We will ... reform outdated laws to ensure that those with mental illness are treated fairly and employers fulfill their responsibilities effectively.
The current Mental Health Act does not operate as it should: if you are put on a community treatment order it is very difficult to be discharged; sectioning is too often used to detain rather than treat; families’ information about their loved ones is severely curtailed – parents can be the last to learn that their son or daughter has been sectioned. So we will introduce the first new Mental Health Bill for thirty-five years, putting parity of esteem at the heart of treatment.
Part of the motivation for this change was probably coming from the mental health charities, which formed a Mental Health Policy Group to produce A Manifesto for Better Mental Health. One of these charities, Mind, had a 2017 election manifesto, which had 6 points, of which one was:-
Change outdated and discriminatory legislation like the Mental Health Act and the definition of disability to ensure everyone with mental health problems gets support and respect.

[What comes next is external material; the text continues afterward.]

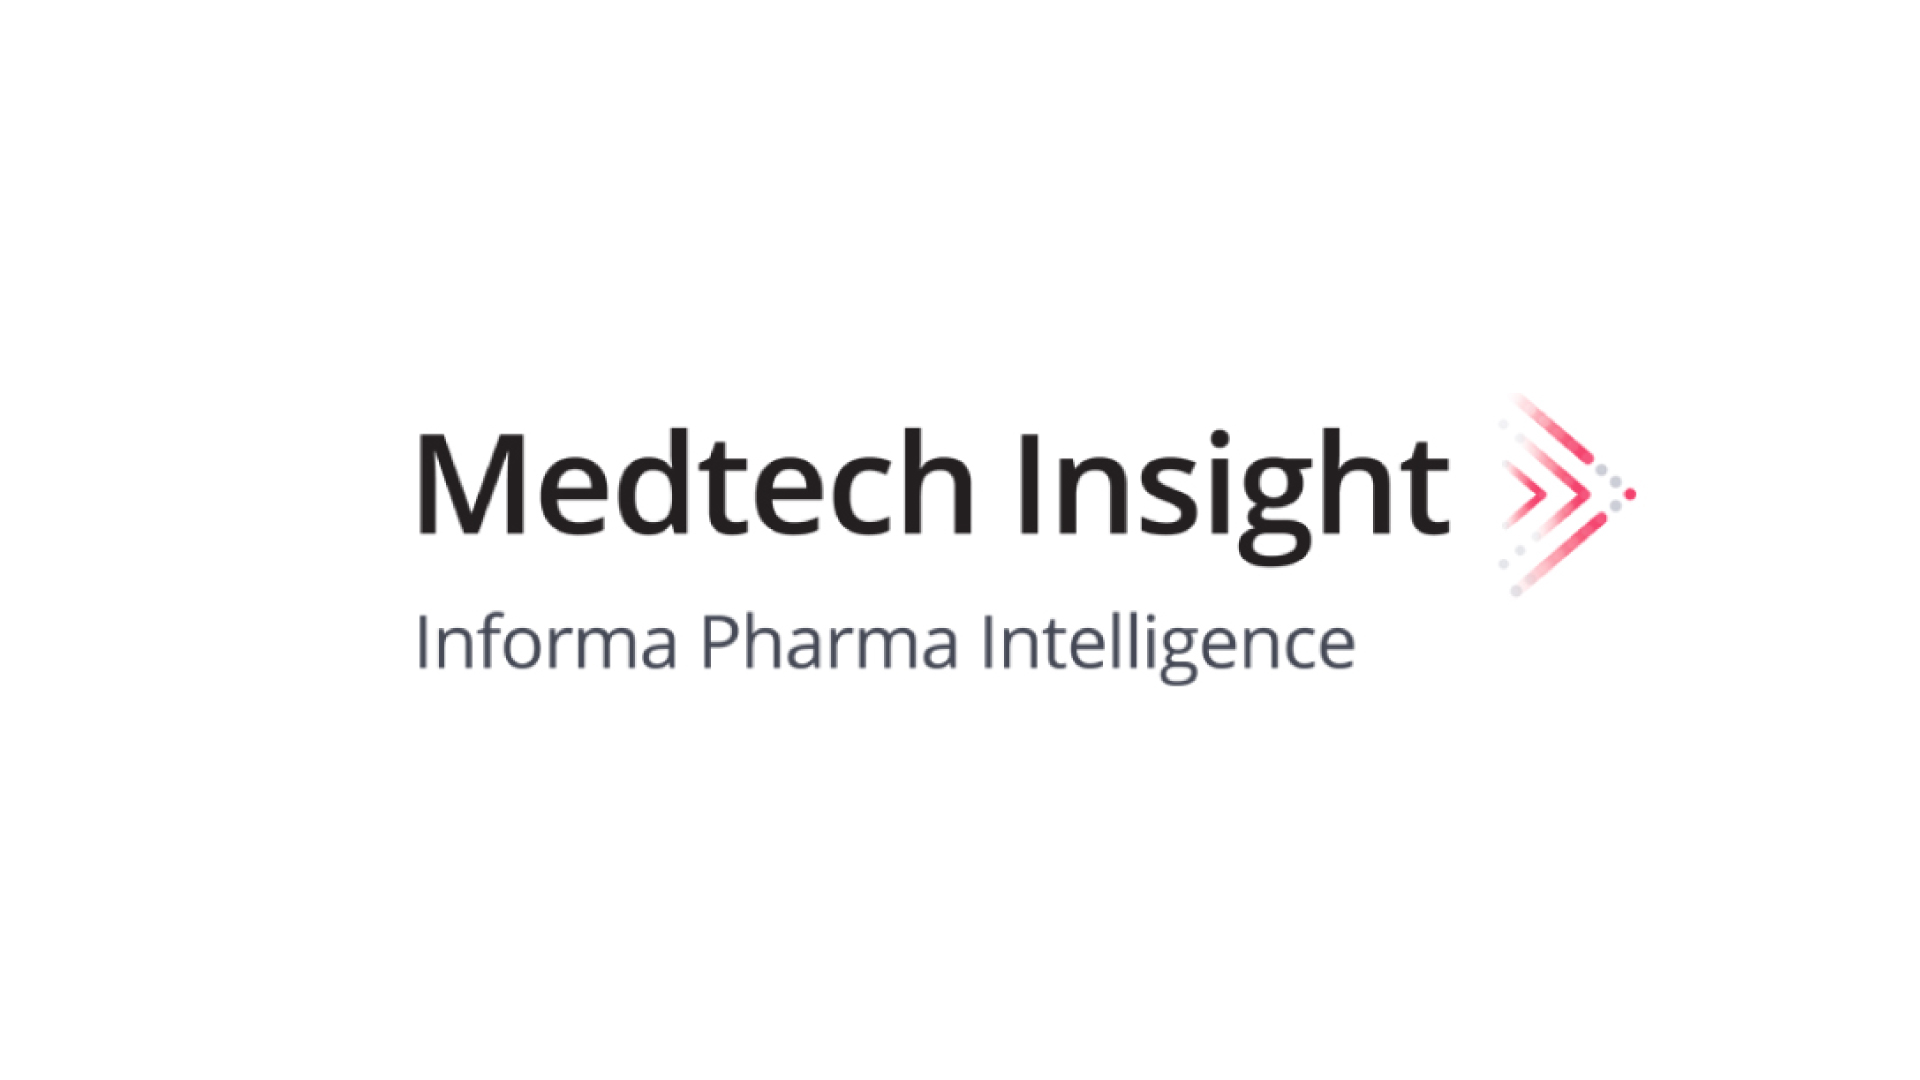 MedTech Insight

Of course the 1983 Mental Health Act was amended in 2007 to introduce community treatment orders, amongst other changes. There was a several year debate/protest before this amendment and I had a Mental Health Policy website at the time (now essentially defunct). It was the reform of the Mental Health Act then that led to the formation of the Critical Psychiatry Network in 1999. I think changing the Mental Health Act again in the way suggested by the Conservative party is less likely to lead to as much controversy as previously.

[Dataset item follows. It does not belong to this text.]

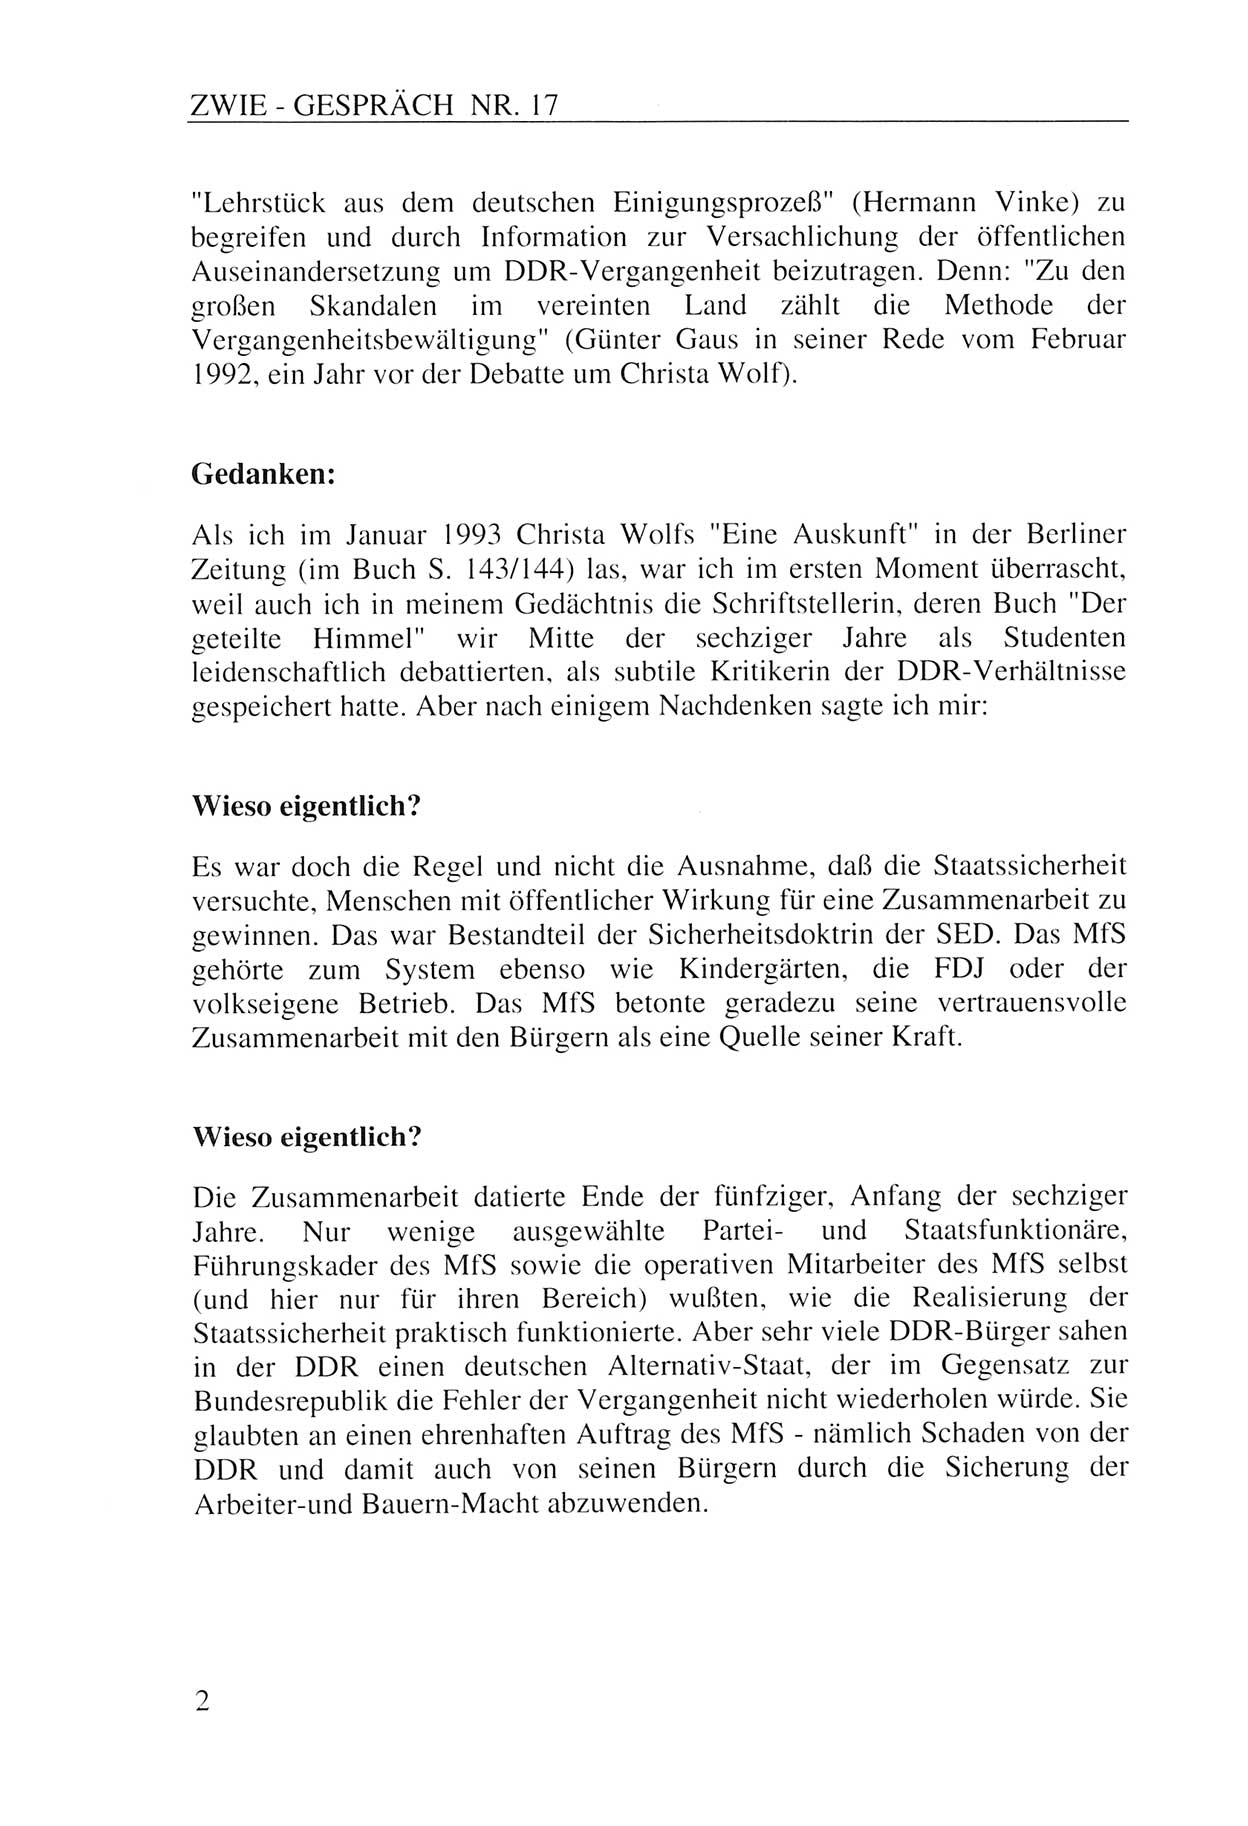 Zwie-Gespräch, Beiträge zur Aufarbeitung der Staatssicherheits-Vergangenheit [Deutsche Demokratische Republik (DDR)], Ausgabe Nr. 17, Berlin 1993, Seite 2 (Zwie-Gespr. Ausg. 17 1993, S. 2)

If the Conservative Party has enough support to manage to get replacing the current Mental Health Act into a Queen's Speech, the Mental Health Bill needs to take account of the Convention on the Rights of Persons with Disabilities (CRPD). This is what the UN Special Rapporteur on the right to health has proposed (see previous post) and the rest of this blog uses quotes or amended quotes from his report.

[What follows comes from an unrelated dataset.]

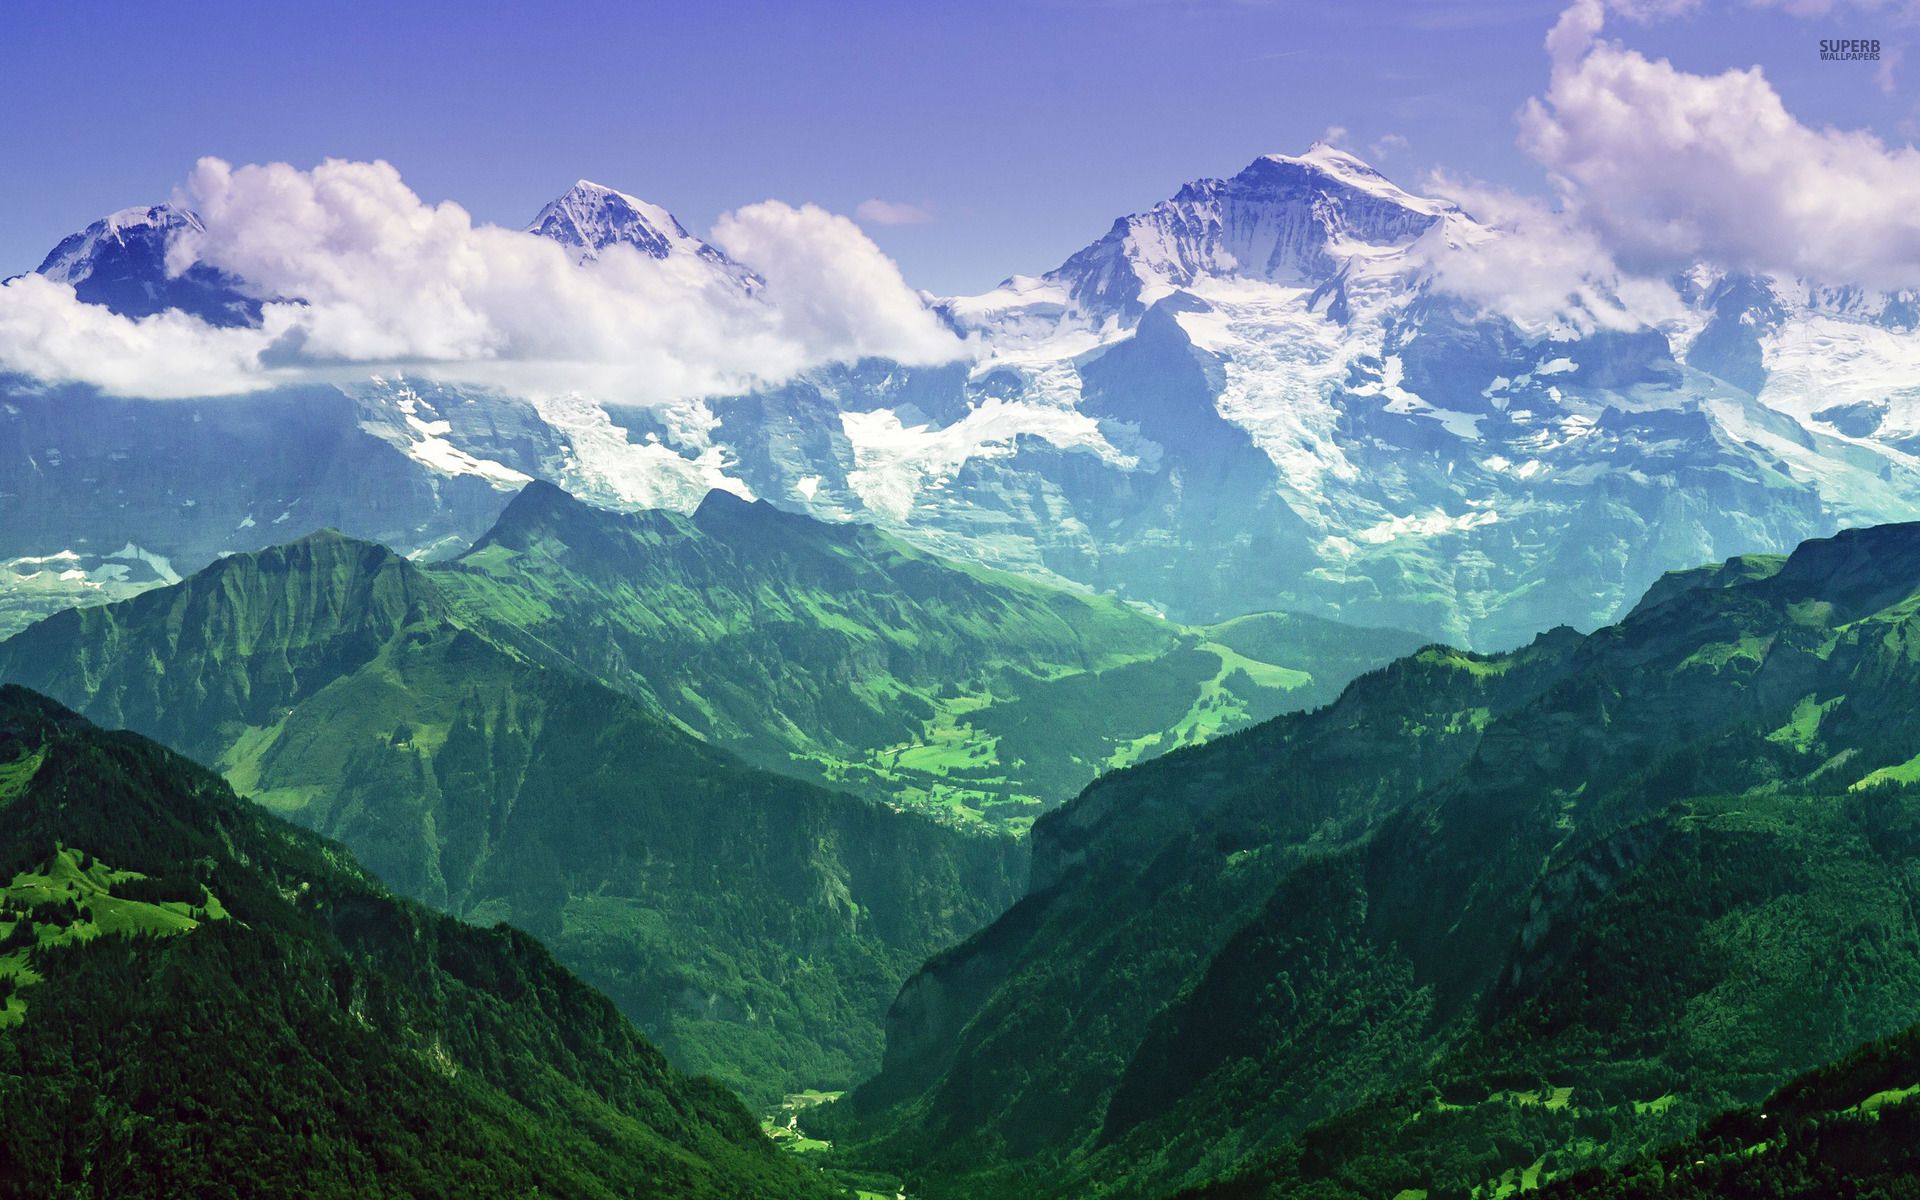 Jungfrau, Bernese Alps, Switzerland wallpaper - Nature wallpapers ...

The disability framework should radically reduce medical coercion. It starts from the principle that a disability shall in no case justify a deprivation of liberty. There is shared agreement about the unacceptably high prevalence of human rights violations within mental health settings and that change is necessary. Persons with psychosocial disabilities are generally falsely viewed as dangerous, despite commonly being victims rather than perpetrators of violence.
Change has taken place over recent years to challenge the disability stereotype, as many can live independently when empowered through appropriate legal protection and support. There are limitations to focusing on individual pathology.
Similarly, failure to secure the right to health and other freedoms is a primary driver of coercion and confinement in mental health. Mental health problems and disability are not exactly the same and this does need to be teased out in any new Mental Health Bill. In fact, it is still not clear how non-consensual treatment in mental health should be taken forward following the Convention on the Rights of Persons with Disabilities. This should be a government priority, even for a minority government. It needs to make use of appropriate indicators and benchmarks to monitor progress in respect of reducing medical coercion. The active involvement of mental health professionals in the shift towards rights-compliant mental health services is a crucial element for its success.